All corrections
Substack April 8, 2026 at 01:19 PM

www.astralcodexten.com/p/the-psychopolitics-of-trauma

2 corrections found

1
Claim
“complex PTSD”, didn’t quite make it into the DSM but has been accepted by other classification systems, including the ICD-10 and WHO
Correction

Complex PTSD is recognized by WHO in ICD-11, not ICD-10. WHO’s own materials say complex PTSD was added in ICD-11, which took effect on January 1, 2022.

Full reasoning

This sentence conflates WHO recognition with ICD-10 recognition.

WHO explicitly states in a March 8, 2024 news release that complex post-traumatic stress disorder was one of the diagnostic categories added in ICD-11. WHO’s ICD-11 implementation FAQ also says ICD-11 is the latest revision, that WHO stopped maintaining ICD-10 in 2018, and that ICD-11 came into effect on January 1, 2022.

So the accurate statement is that complex PTSD is recognized by WHO’s ICD-11, not by ICD-10. Saying it was accepted by “the ICD-10 and WHO” is incorrect because the WHO-recognized classification here is ICD-11, and WHO’s own description identifies complex PTSD as an ICD-11 addition.

2 sources
2
Claim
or they can just hear about it happening to someone else.
Correction

The DSM’s PTSD criterion is narrower than this. It does not say someone qualifies by merely hearing about traumatic events happening to other people in general.

Full reasoning

This paraphrase overstates DSM PTSD criterion A.

According to the American Psychiatric Association’s description of DSM-5 PTSD criteria, indirect exposure qualifies only in specific situations: the person learns that the traumatic event occurred to a close family member or close friend (with special limits for death), or experiences first-hand repeated or extreme exposure to aversive details of the traumatic event, such as in professional roles. The APA source also explicitly says this does not include exposure through media, pictures, television, or movies unless it is work-related.
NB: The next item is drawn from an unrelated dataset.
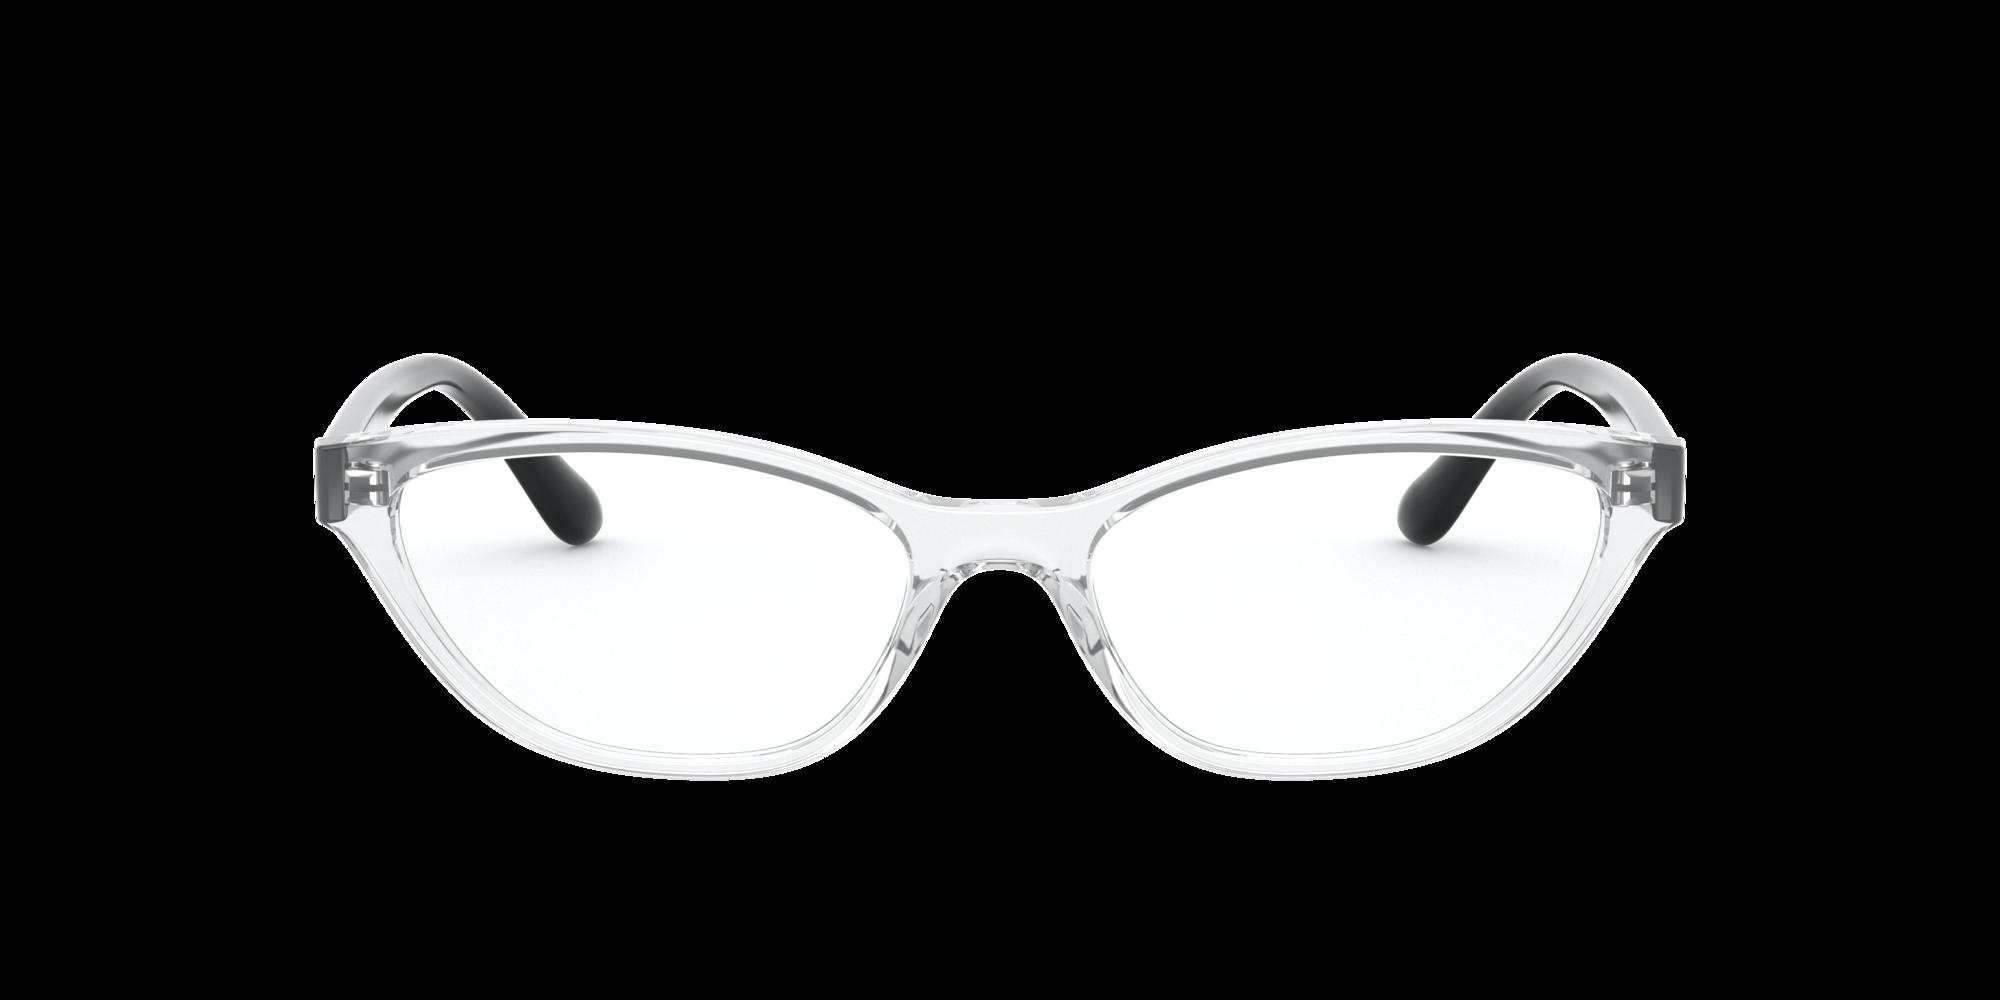 Imagen para VO5309 de LensCrafters |  Espejuelos, espejuelos graduados en línea, gafas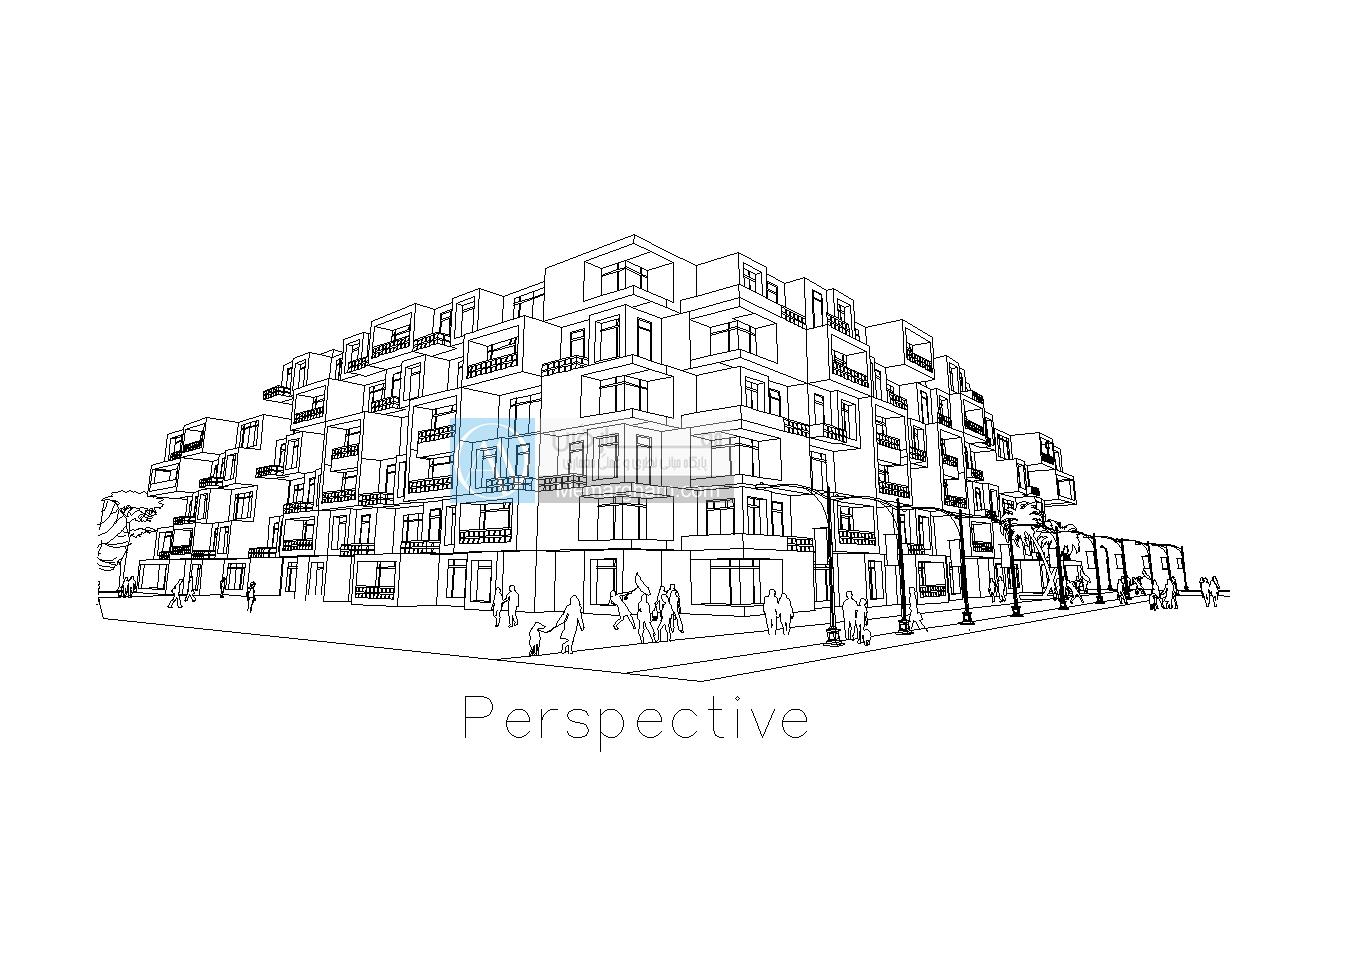 دانلود رایگان پروژه معماری مجتمع مسکونی

So the article’s phrase that someone can "just hear about it happening to someone else" is too broad. Under the DSM criteria, ordinary secondhand knowledge about trauma affecting unspecified other people is not enough by itself.

1 source
  • Posttraumatic Stress Disorder (American Psychiatric Association)

    The exposure must result from one or more of the following scenarios... learns that the traumatic event occurred to a close family member or close friend... or experiences first-hand repeated or extreme exposure to aversive details of the traumatic event (not through media, pictures, television or movies unless work-related).